Un pájaro solitario se dirigía hacia ellos en el cielo de la mañana. Cuando se acercó, la Princesa Nell vio que después de todo no era uno de los estorninos del Rey Urraca; era su amigo el Cuervo. Se posó sobre una rama por encima de su cabeza y dijo:

—¡Buenas noticias! ¡Malas noticias! ¿Por dónde empiezo?

—Por las buenas noticias —dijo la Princesa Nell.

—La malvada Reina perdió la batalla. Su poder ha sido destruido por los otros doce.

—¿Cuál es la mala noticia?

—Cada uno de ellos cogió una de las llaves como botín y la escondió en su tesoro real. Nunca podrás recuperar las doce.

—Pero he jurado hacerlo —dijo la Princesa Nell—, y Dinosaurio me ha demostrado esta noche que un guerrero debe cumplir su deber incluso cuando lleva a su destrucción. Muéstrame el camino al castillo del Rey Urraca; conseguiremos primero su llave.

Aquí seguía un divertido capítulo en el que Nell encontraba las pisadas de otro viajero en el camino, al que pronto se le unió otro viajero y otro.

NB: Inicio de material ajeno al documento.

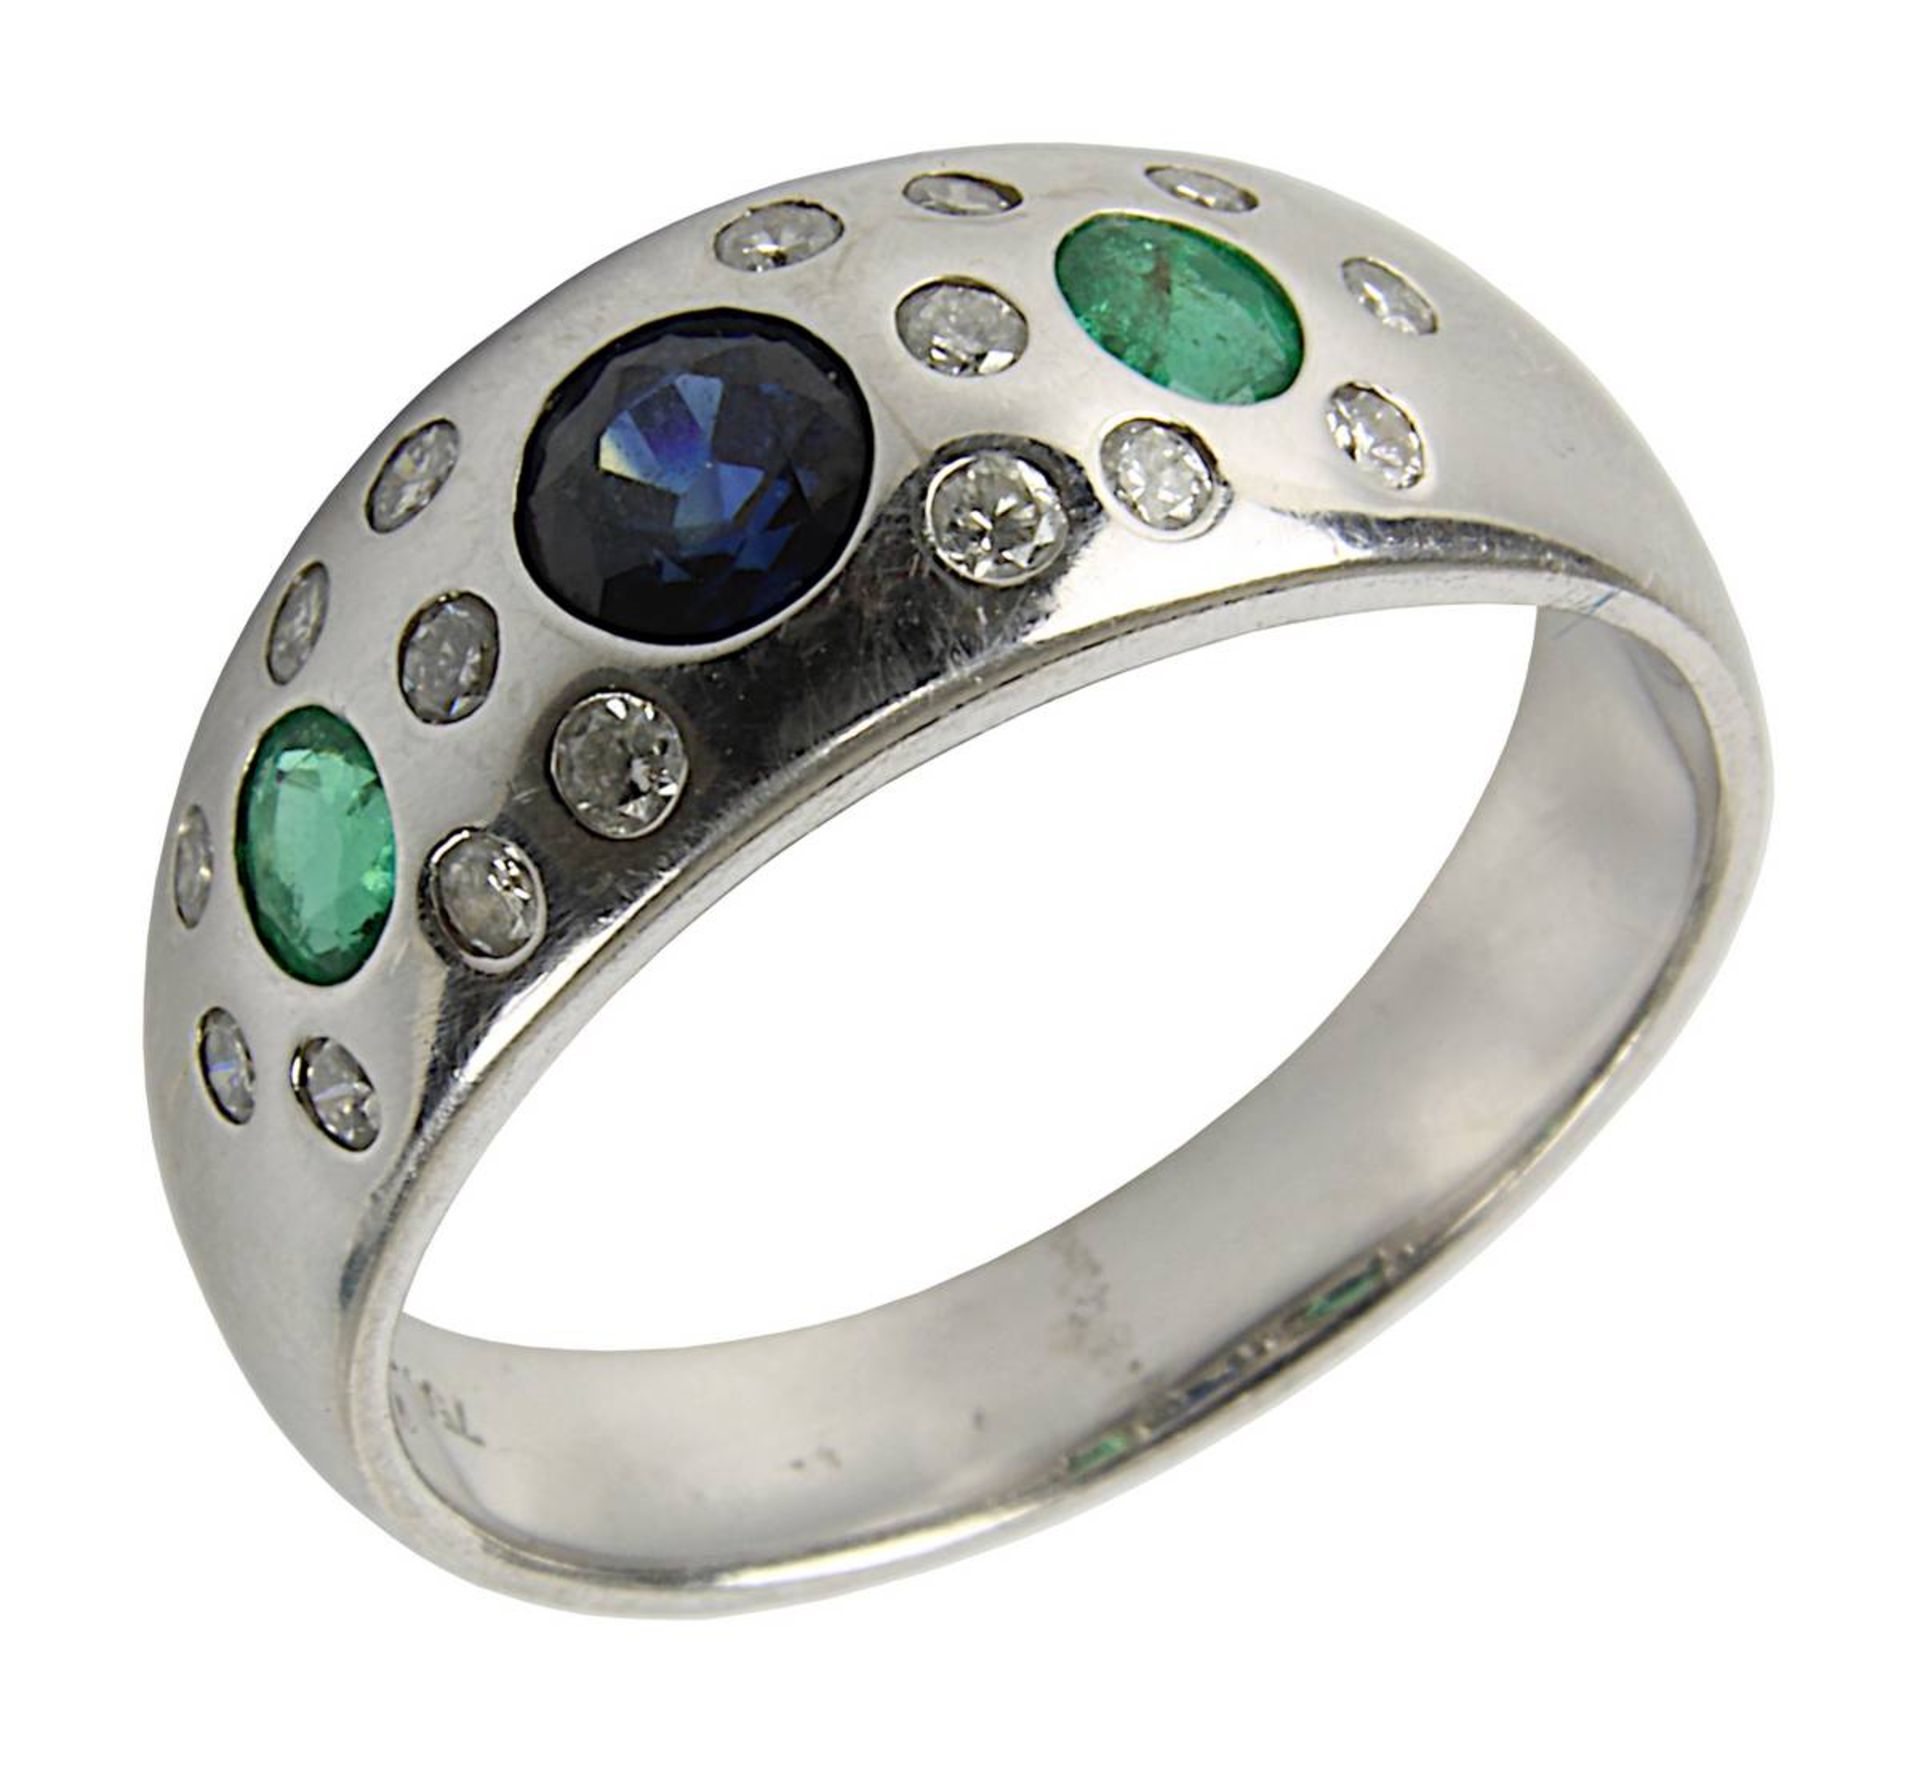 Weißgold-Ring mit Saphir, Smaragden und Brillanten, Ringschiene rhodiniert, gepuntzt 750, Ringkopf

Así siguió hasta la puesta de sol, cuando Púrpura examinó las pisadas e informó a la Princesa Nell de que había caminado en círculos todo el día.

—Pero he seguido con cuidado el camino —dijo Nell.

—El camino es uno de los trucos del Rey Urraca —dijo Púrpura—. Es un camino circular. Para encontrar su castillo, debemos ponernos los sombreros de pensar y usar el cerebro, porque todo en este país es un truco de un tipo u otro.

—¿Pero cómo podemos encontrar su castillo si los caminos están hechos para engañarnos? —dijo Pedro el Conejo.

—Nell, ¿tienes la aguja de coser? —dijo Púrpura.

—Sí —dijo Nell, metiendo la mano en el bolsillo y sacando el costurero.

—Pedro, ¿tienes tu piedra mágica? —dijo Púrpura a continuación.

—Sí —dijo Pedro, sacándosela del bolsillo. No parecía mágica, sólo un trozo de piedra gris, pero poseía la propiedad mágica de atraer pequeños trozos de metal.

—Y tú, Oca, ¿puedes darnos un corcho de una de las botellas de limonada?

—Ésta está casi vacía —dijo Oca.

—Muy bien. También necesitaré un vaso de agua —dijo Púrpura, y recogió los tres elementos de los tres amigos.

Nell siguió leyendo el Manual, aprendiendo cómo Púrpura hacía una brújula magnetizando la aguja, atravesando con ella el corcho, y dejándola flotar en el vaso de agua. Leyó sobre su viaje de tres días por la tierra del Rey Urraca, y de todos los trucos que contenía: animales que les robaban la comida, arenas movedizas, tormentas repentinas, frutas apetitosas pero venenosas, trampas y artimañas diseñadas para atrapar huéspedes no invitados. Nell sabía que si quería, podría volver atrás y hacer preguntas sobre aquellas cosas más tarde y pasar muchas horas leyendo sobre aquella parte de la aventura. Pero lo más importante parecía ser las discusiones con Pedro que terminaban el camino de cada día.

Pedro el Conejo los guio por entre todos aquellos peligros. Sus ojos eran certeros por comer zanahorias, y sus gigantescas orejas podían oír el peligro a kilómetros de distancia. Su nariz temblorosa olía el peligro, y su mente era demasiado buena para la mayoría de los trucos del Rey Urraca. Pronto alcanzaron las afueras de la ciudad del Rey Urraca, que ni siquiera tenía una muralla, tanta confianza sentía el Rey Urraca de que ningún invasor podría atravesar todas las trampas y artimañas del bosque.